Search engine Cuil launched this Monday. Cuil is the brainchild of Anna Patterson, who sold her last internet search technology to Google in 2004. This time, she believes that the technology is more valuable and she is not planning to sell it. We wonder, is this a Google competing internet revolution, or just another search engine?
Yet another search engine?
Not really. Cuil (pronounced ‘cool’), is backed with VC investments of $33 million dollars (€21 million). The search engine not only applies link analysis and traffic ranking, but analyzes context and displays similar results in groups and categories. With help of The Internet Archive, Cuil is supposed to have the biggest index of the web. “Cuil searches more pages on the Web than anyone else—three times as many as Google and ten times as many as Microsoft.”
Cuil’s Key features
- Biggest Internet search engine Cuil has indexed 120 billion Web pages, 3x more than any other search engine
- Organized results Cuil’s magazine-style layout separates results by subject and allows further search by concept or category
- Different results Unlike other search engines, Cuil ranks results by the content on each page, not its popularity
- Complete privacy protection Cuil does not keep any personally identifiable information on users or their search histories
The technology was designed by a team with a lot of experience in search, as stated: Anna Patterson has worked at Google as a search engine architect and leader of the page ranking team. She leads the Cuil team together with her husband, Mr. Costello, who researched and developed search engines at Stanford and IBM. They founded Cuil together with Russell Power, Anna’s former colleague from Google.
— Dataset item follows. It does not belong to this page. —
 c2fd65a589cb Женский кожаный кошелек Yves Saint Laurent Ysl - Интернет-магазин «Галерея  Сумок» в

First impressions; amount of search results
Results turn out to be not really relevant, but we have to keep in mind that the site has been released just a few hours ago. An example is when we searched for “the next web”, we couldn’t find any results, however “next web” gave relevant results.
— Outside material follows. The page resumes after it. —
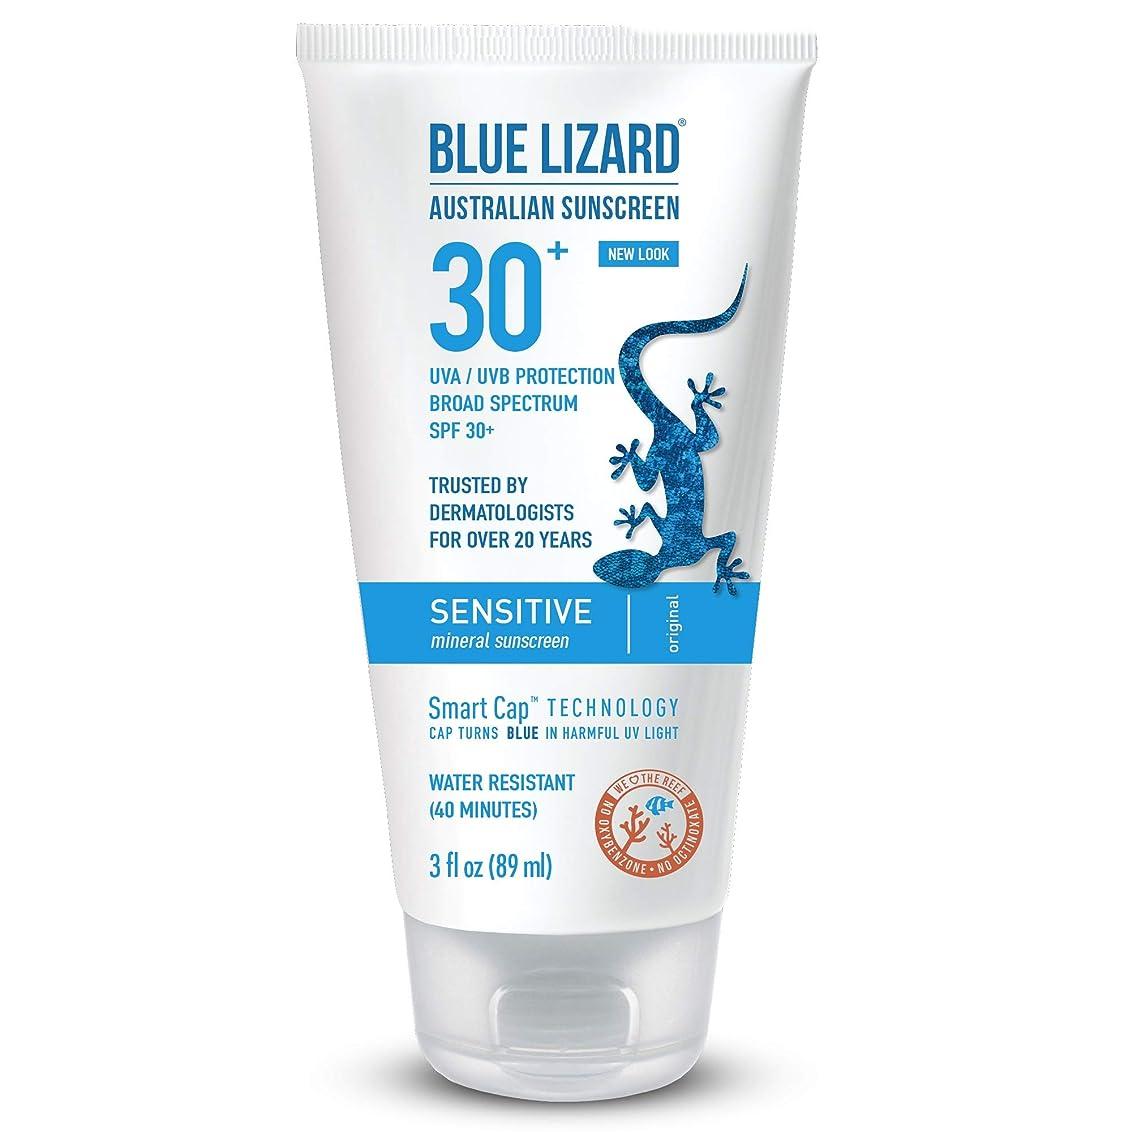 アジテーションマイクロプロセッサ援助Blue Lizard Australian Sunscreen - 敏感日焼け止めSPF 30+広域スペクトルUVA/UVB保護 - 3オズチューブ

The picture you see here is a relative measurement of search results. The red bar is Google, blue is Cuil. When looking at the number of search results, we find that Google’s results are much, much more extensive. I want to emphasize that its not about the amount of the index, but the relevant results. So far, Cuil does not seem to be relevant in its results. Let’s give it a bit more time, and measure its effectiveness in a month or so.